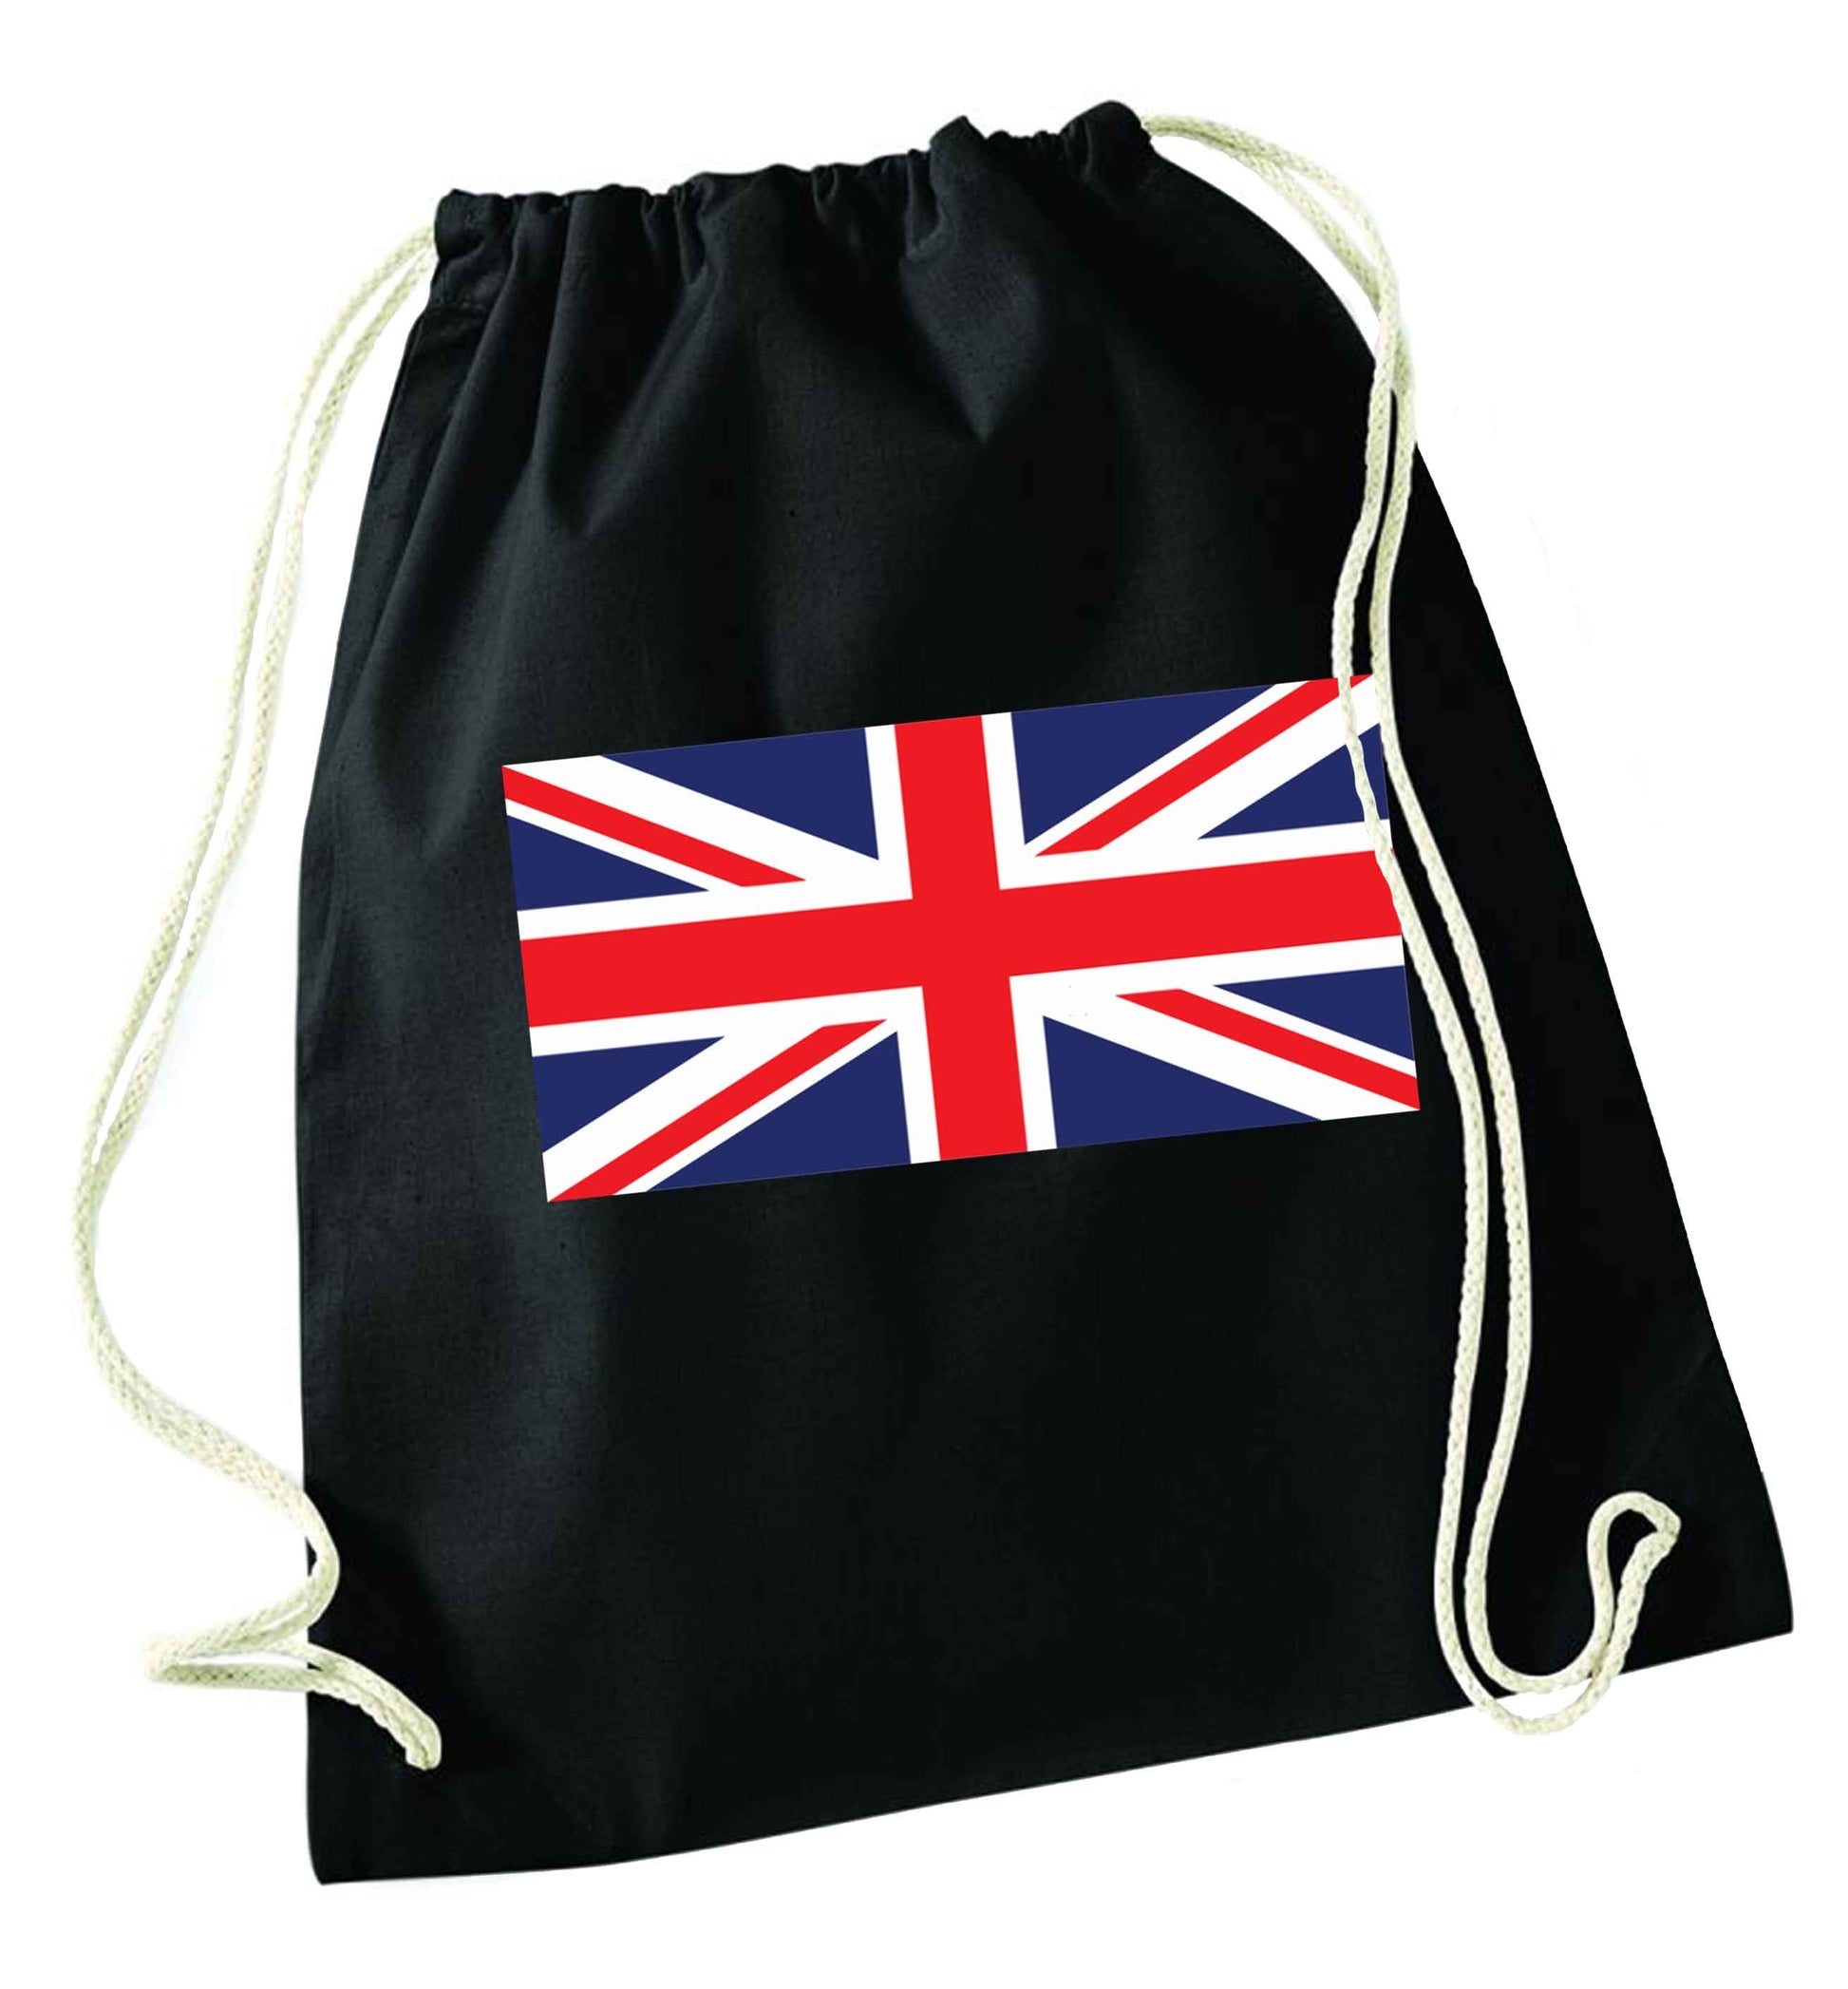 Union Jack black drawstring bag
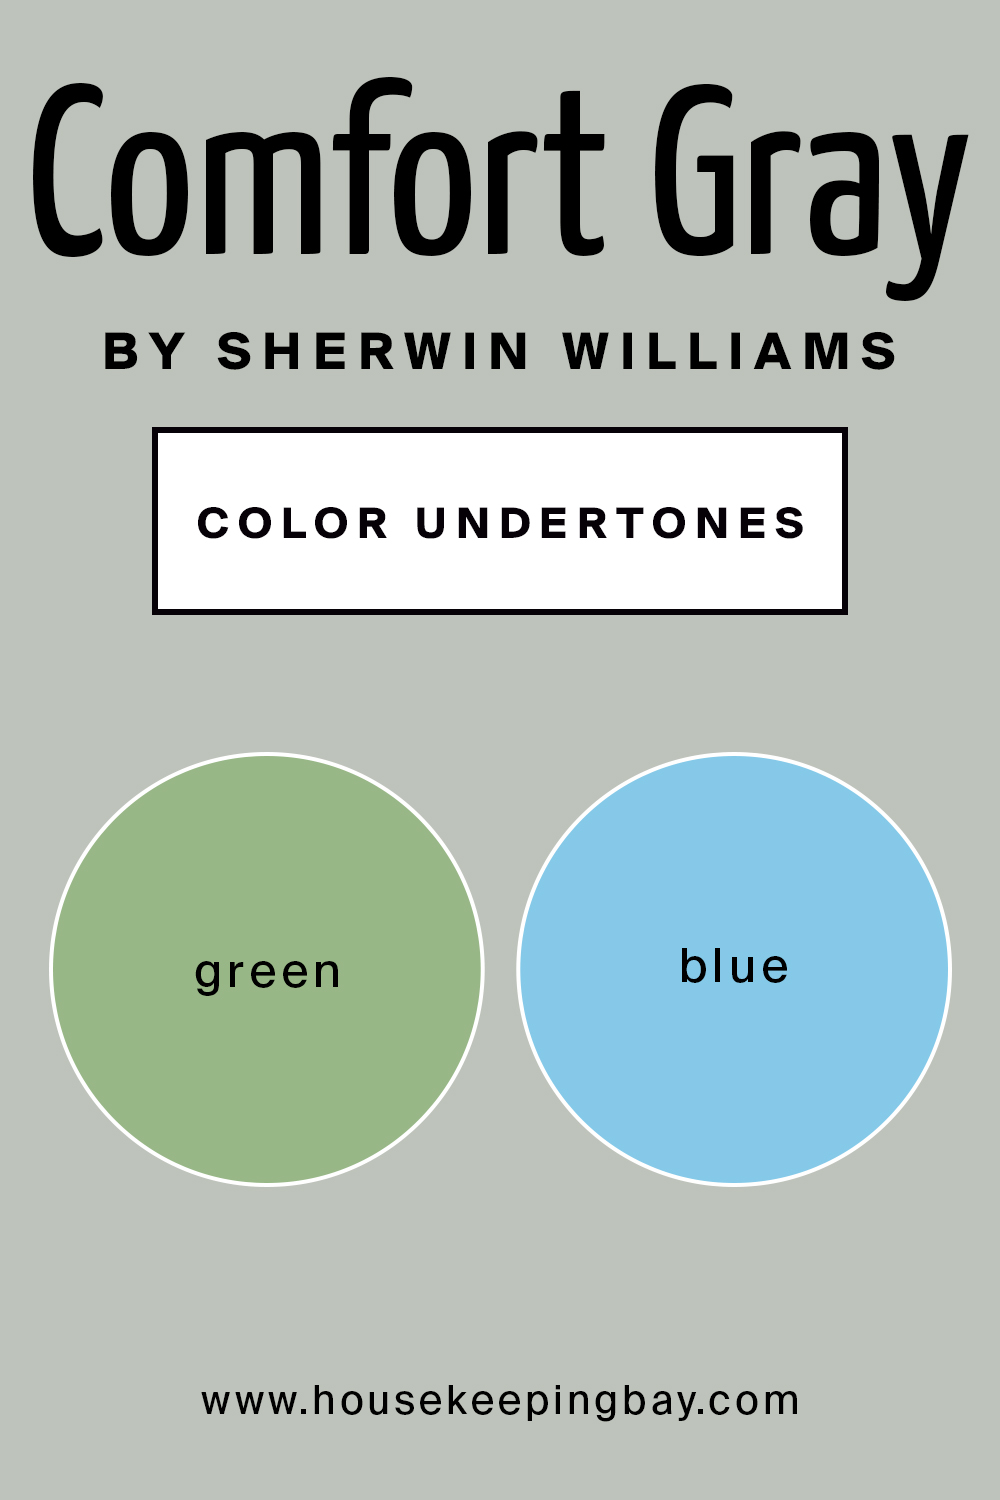 Comfort Gray by Sherwin Williams Color Undertones
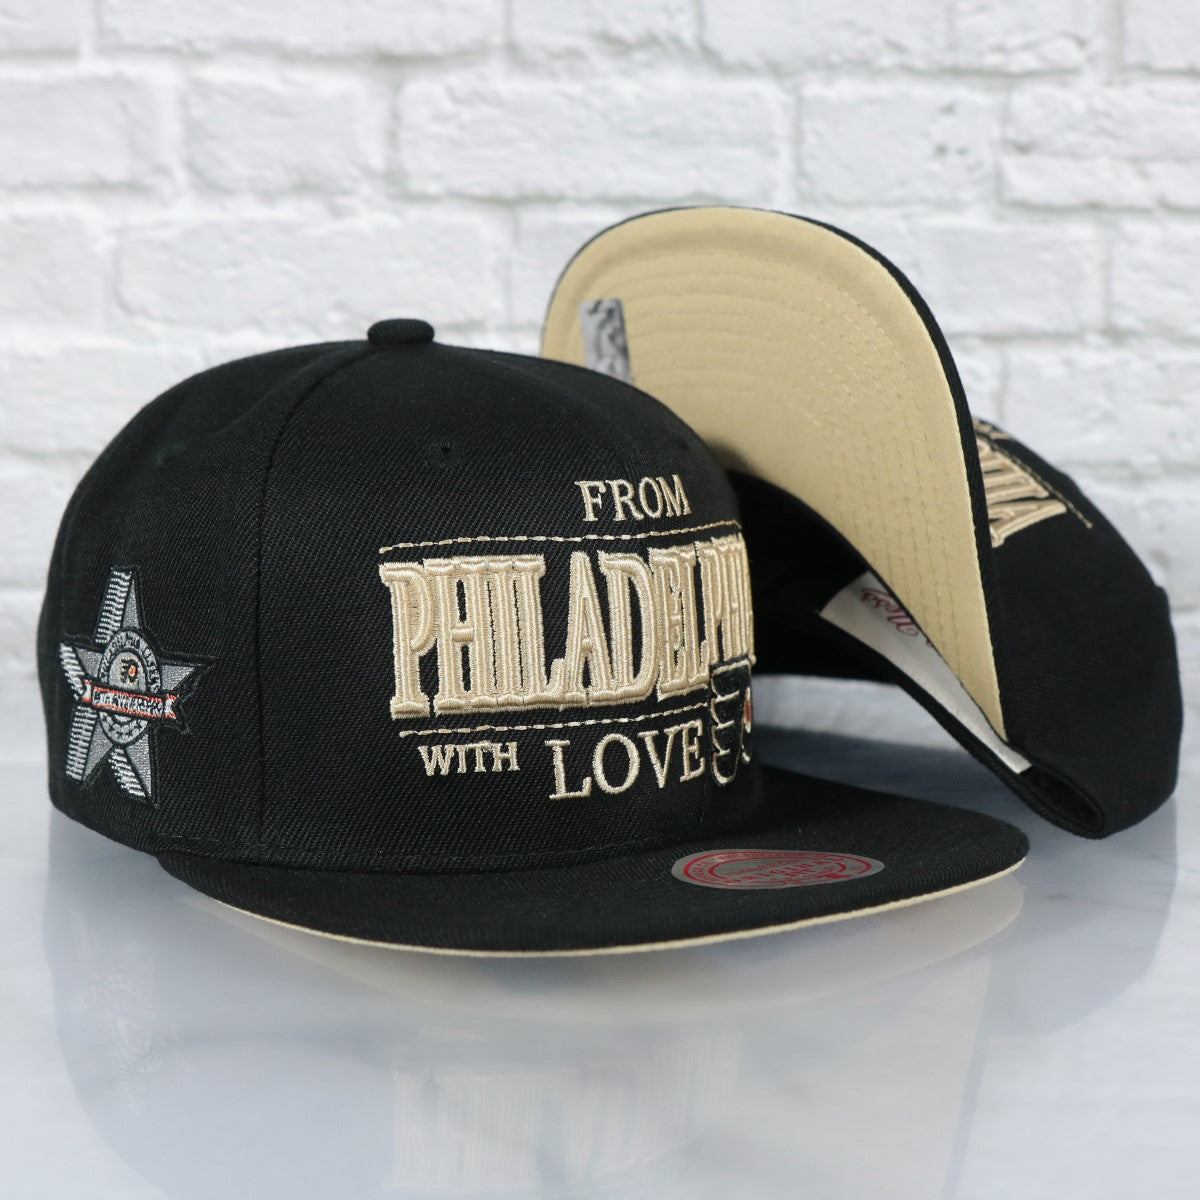 Philadelphia Flyers With Love 25th Anniversary Side Patch Cream Bottom | Black Snapback Hat
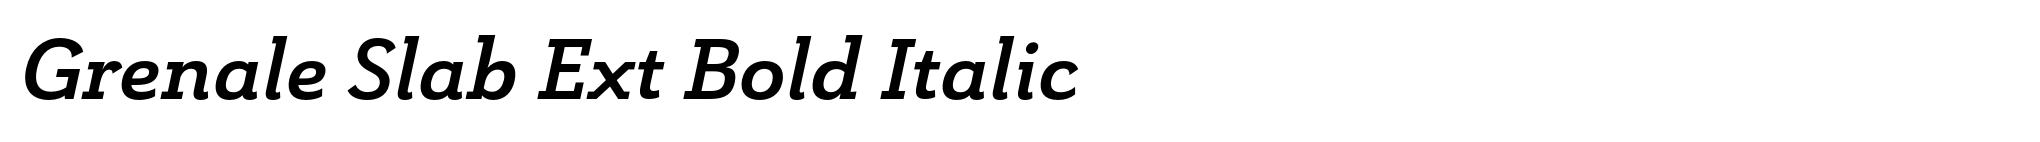 Grenale Slab Ext Bold Italic image
----
◆ **Work required**
Without the pictures, repeat the listing above exactly.

◆ **Result for this task**
 Union Jack black drawstring bag
 Comfort Gray by Sherwin Williams Color Undertones
 Philadelphia Flyers With Love 25th Anniversary Side Patch Cream Bottom | Black Snapback Hat
 Grenale Slab Ext Bold Italic image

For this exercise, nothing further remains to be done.